● SOURCE DATA
··········

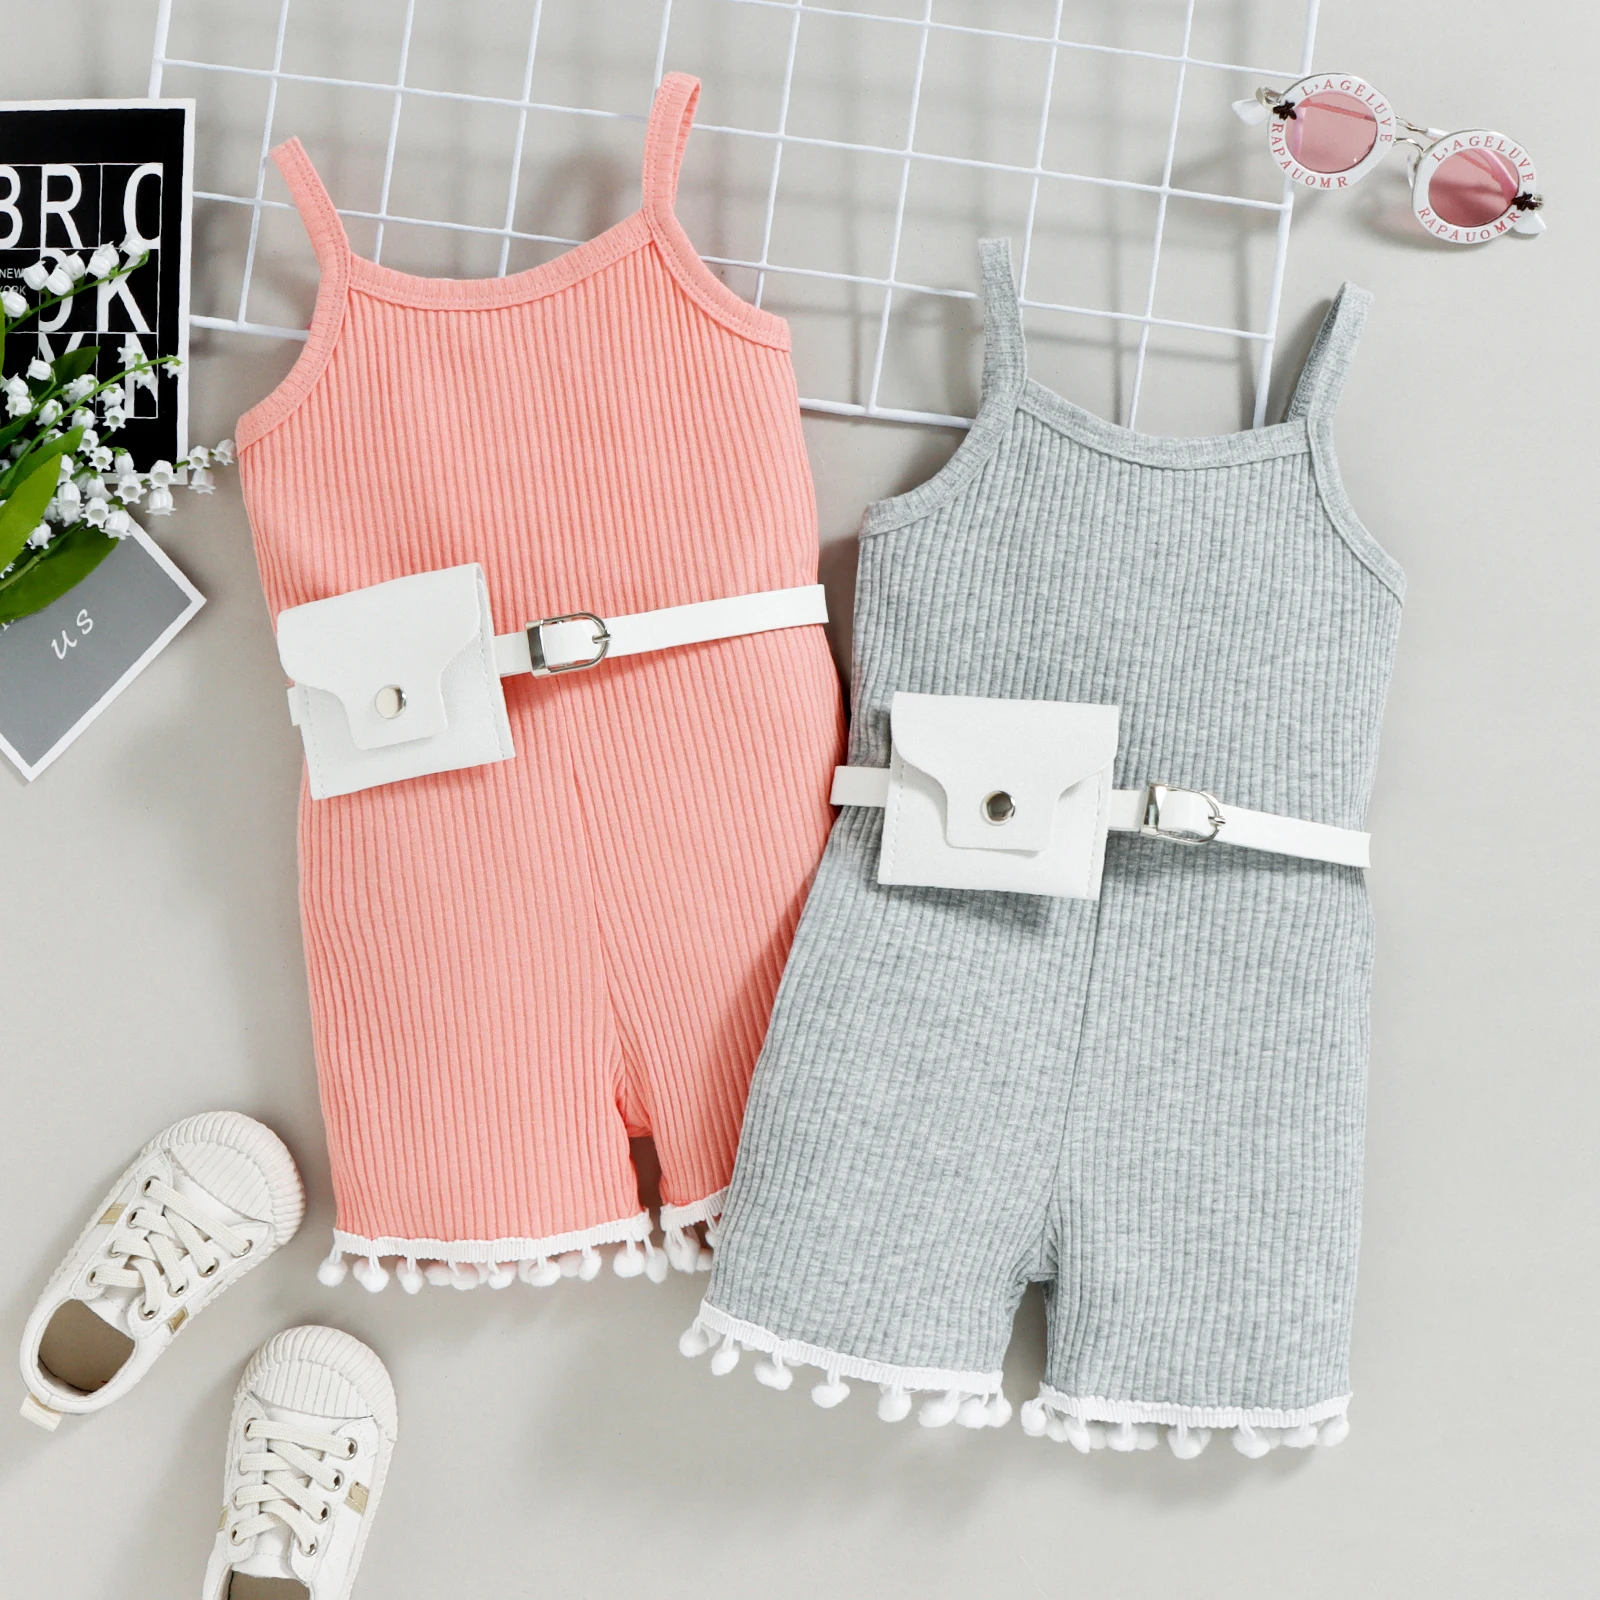 Baby Bodysuits medium Kids Summer Outfit, Contrast Color U-Neck Sleeveless Playsuit+ Waist Bag for Baby Girls, Pink/Gray, 9 Months-4 Years Baby Bodysuits are cool
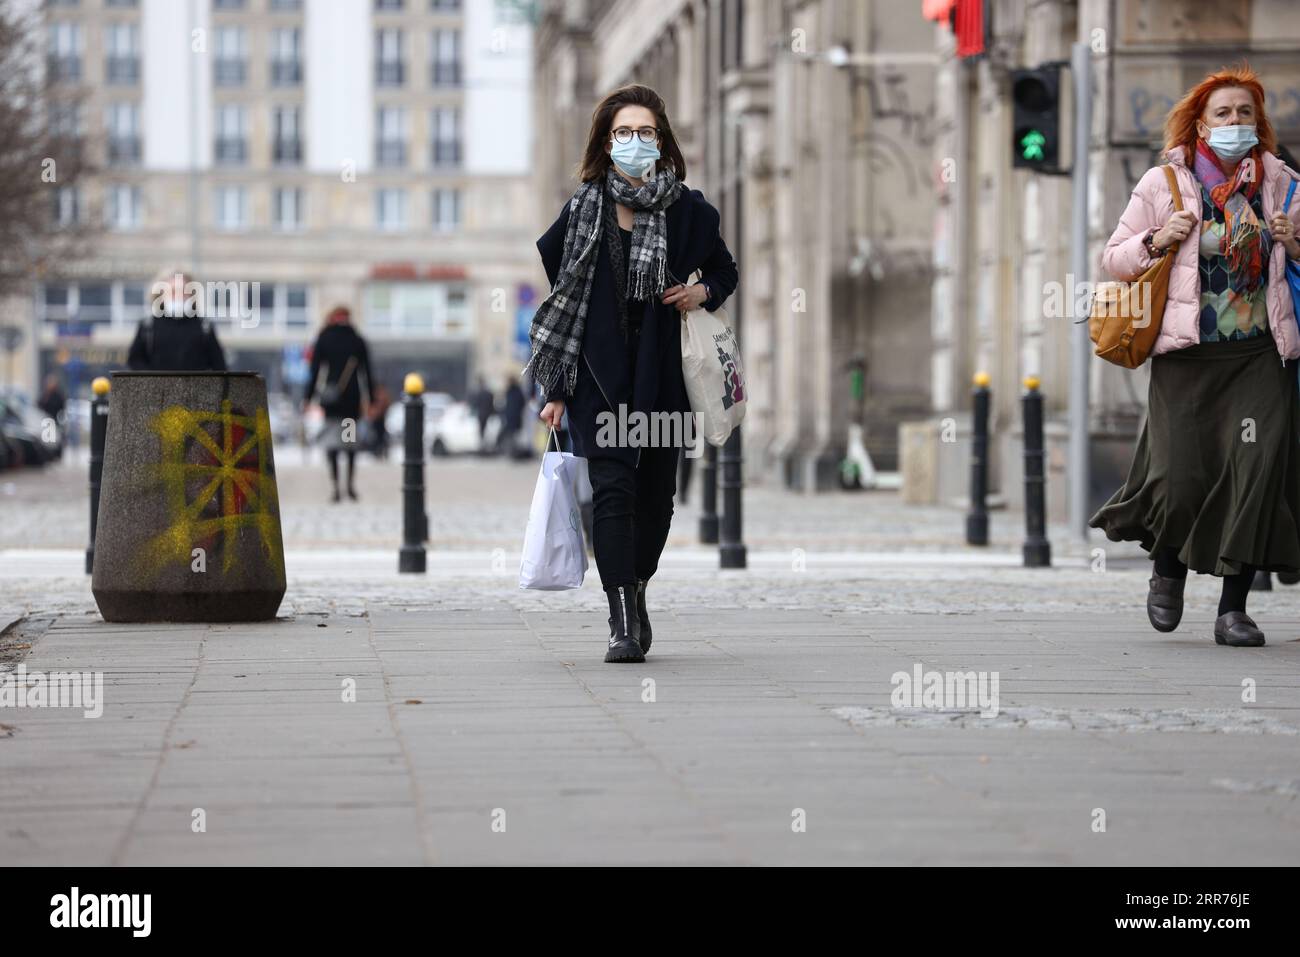 210315 -- WARSAW, March 15, 2021 -- A woman wearing a mask walks in central Warsaw, Poland, on March 15, 2021. The Polish government reintroduced lockdown measures in Warsaw on Monday. According to Polish Health Minister Adam Niedzielski, the lockdown is in force from March 15 to March 28. Hotels, cultural institutions and sports facilities are shut down and the operation of shopping centers is also be restricted. Photo by /Xinhua POLAND-WARSAW-COVID-19-RESTRICTIONS JaapxArriens PUBLICATIONxNOTxINxCHN Stock Photo
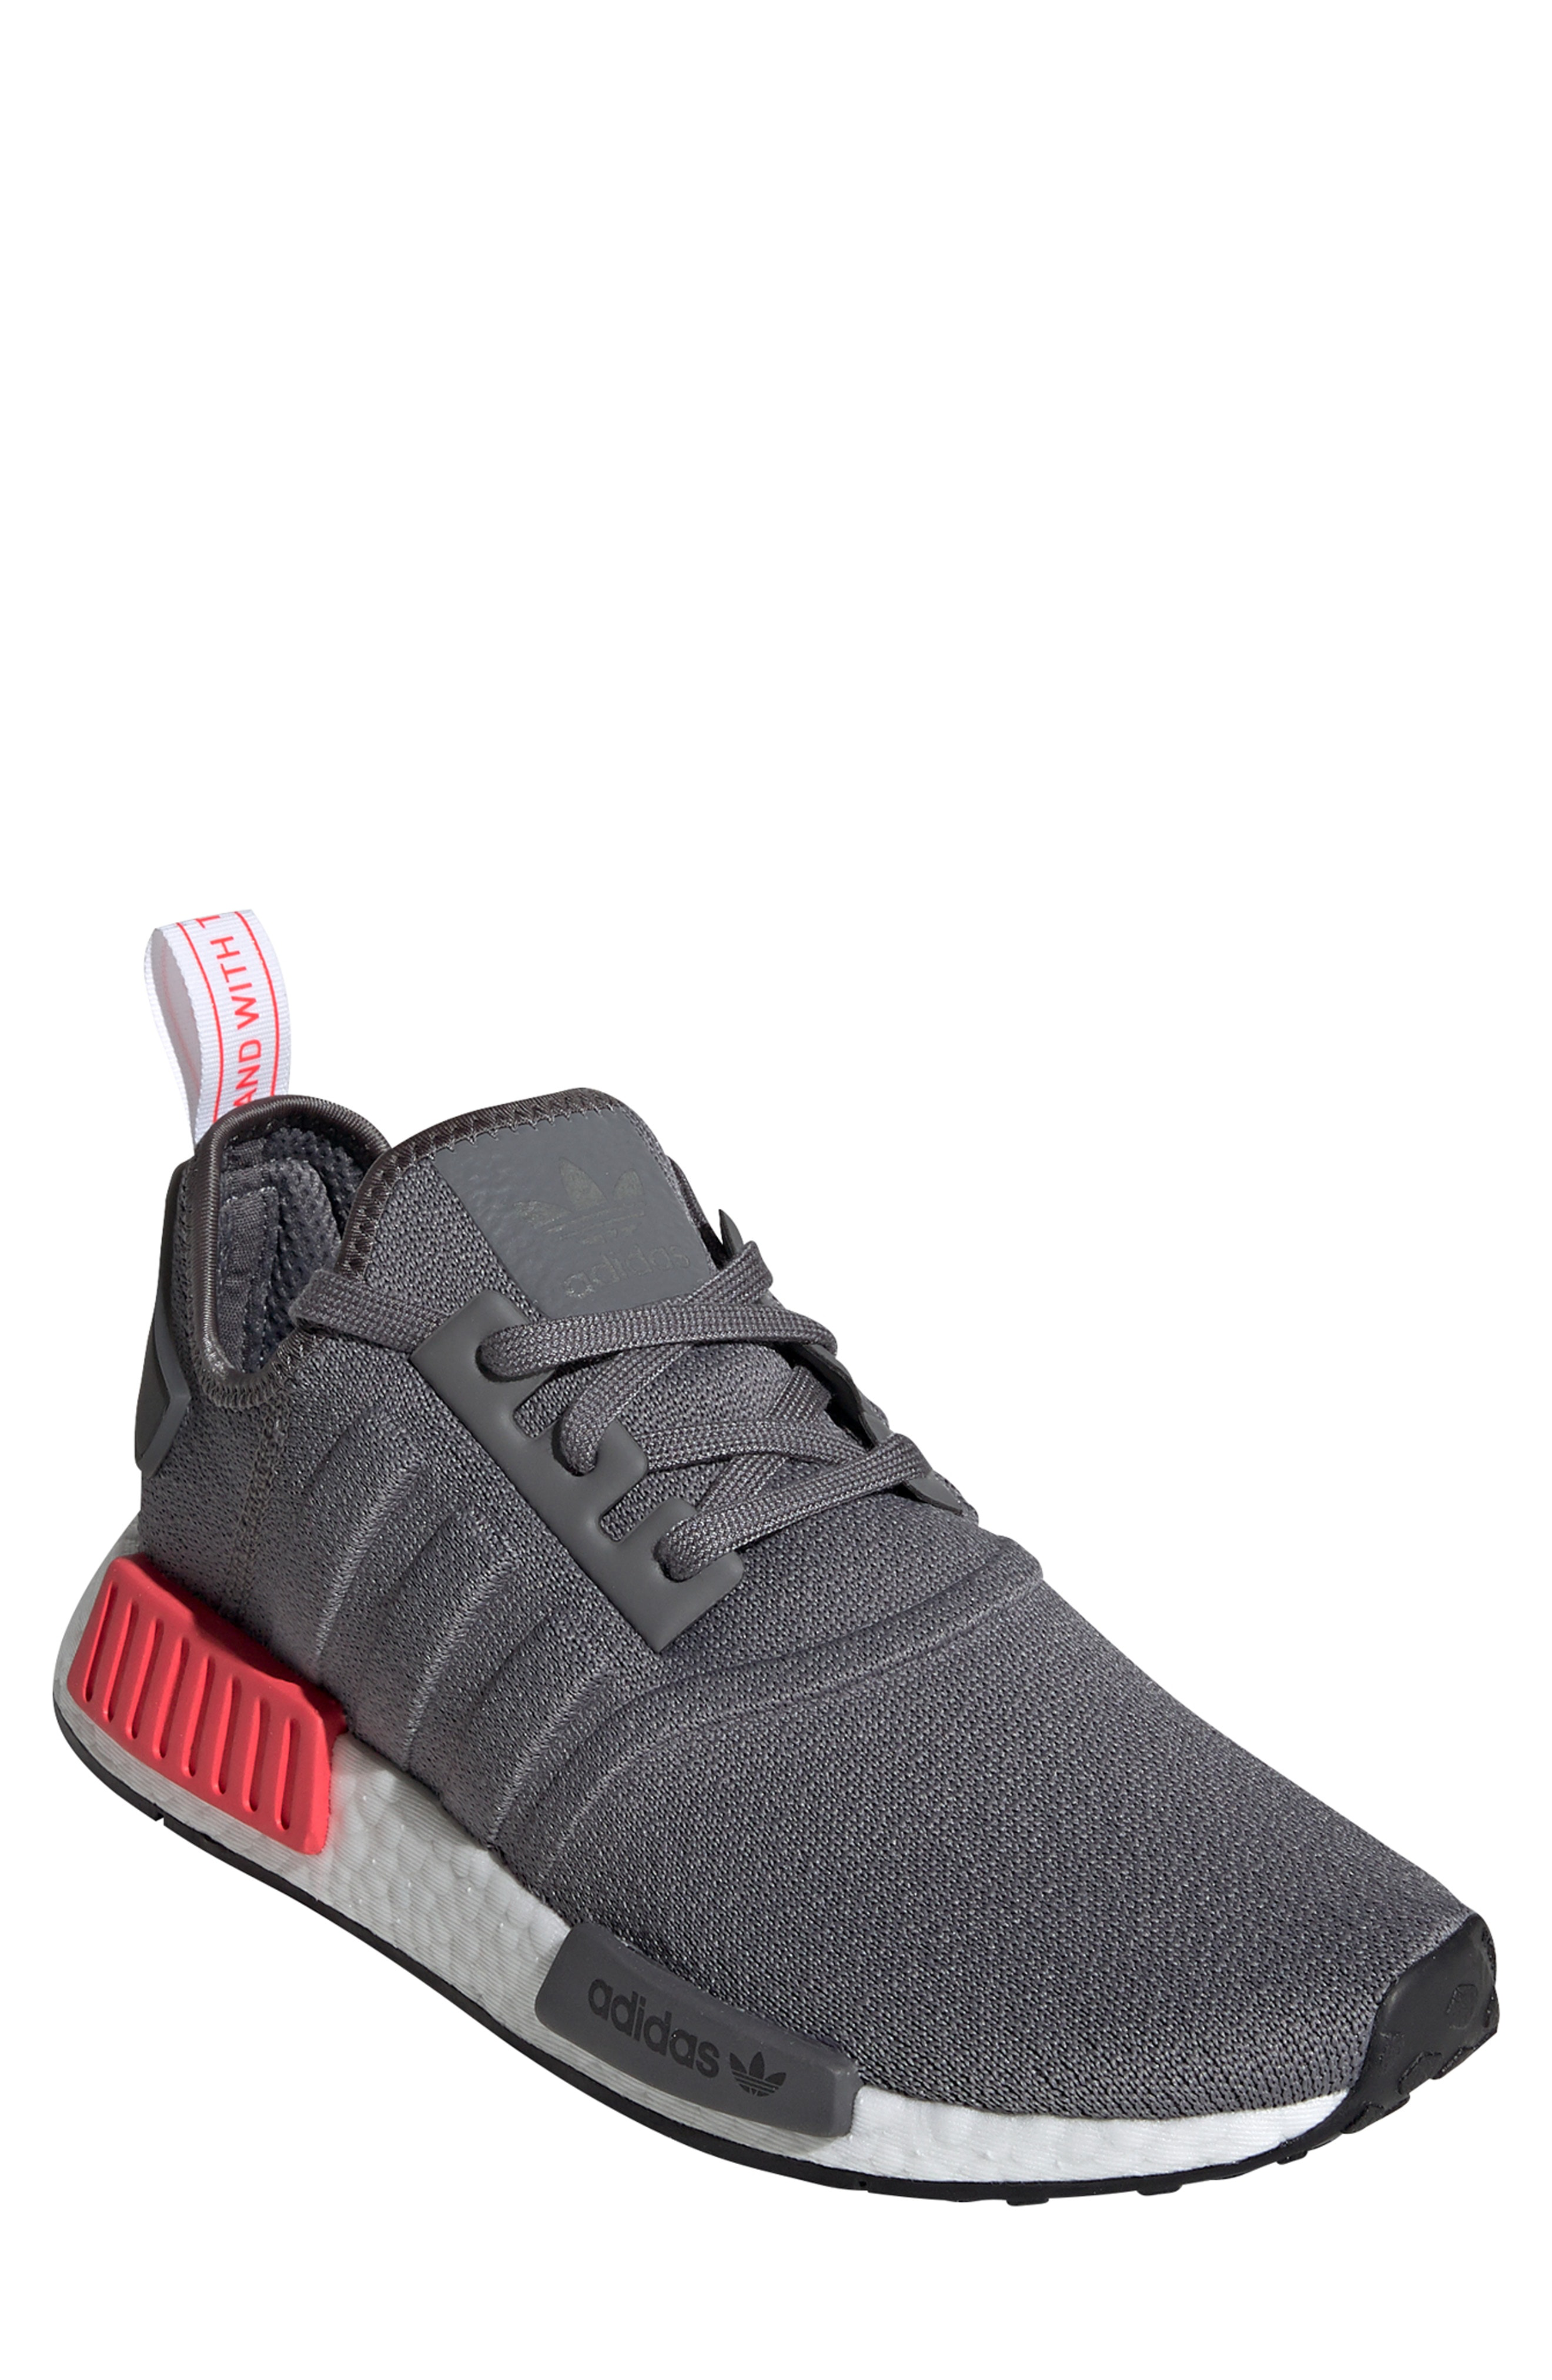 adidas men's nmd r1 casual sneakers
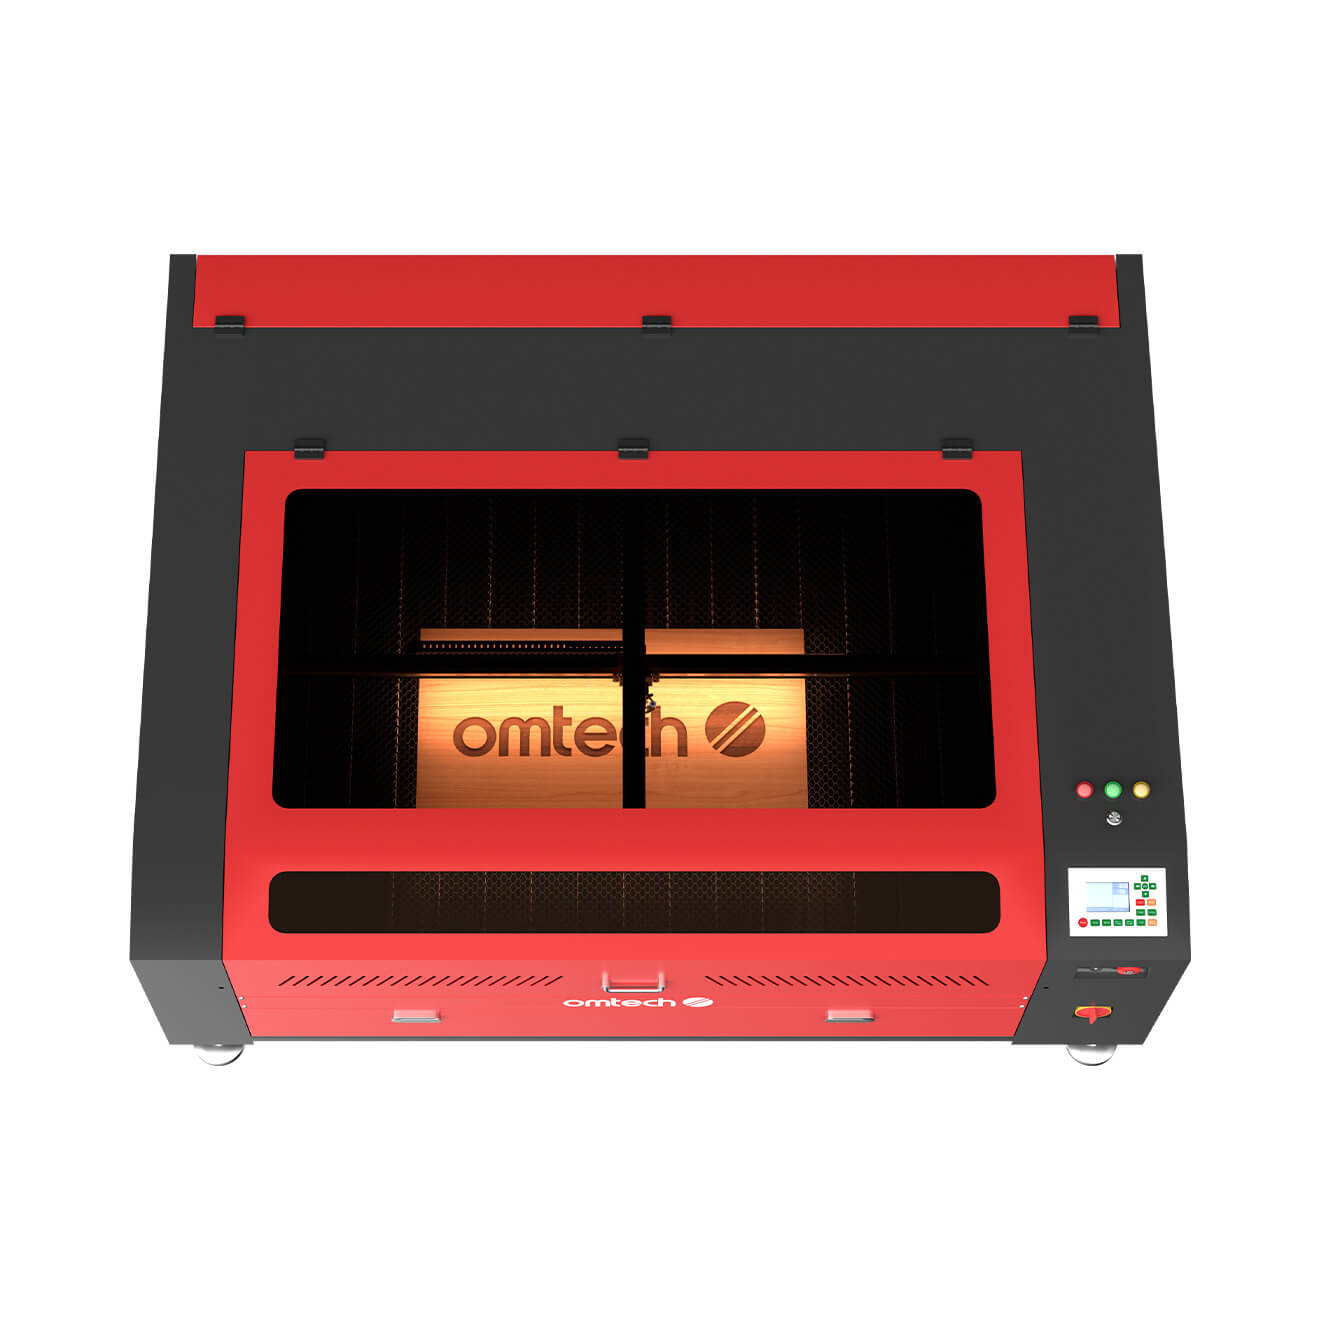 130W CO2 Laser Engraving Machine & Cutter with 1300x900 mm Engraving Area | Max-1393

··········

Print the data above exactly; drop every picture.

● WRITTEN RESPONSE
 Baby Bodysuits medium Kids Summer Outfit, Contrast Color U-Neck Sleeveless Playsuit+ Waist Bag for Baby Girls, Pink/Gray, 9 Months-4 Years Baby Bodysuits are cool
 210315 -- WARSAW, March 15, 2021 -- A woman wearing a mask walks in central Warsaw, Poland, on March 15, 2021. The Polish government reintroduced lockdown measures in Warsaw on Monday. According to Polish Health Minister Adam Niedzielski, the lockdown is in force from March 15 to March 28. Hotels, cultural institutions and sports facilities are shut down and the operation of shopping centers is also be restricted. Photo by /Xinhua POLAND-WARSAW-COVID-19-RESTRICTIONS JaapxArriens PUBLICATIONxNOTxINxCHN Stock Photo
 adidas men's nmd r1 casual sneakers
 130W CO2 Laser Engraving Machine & Cutter with 1300x900 mm Engraving Area | Max-1393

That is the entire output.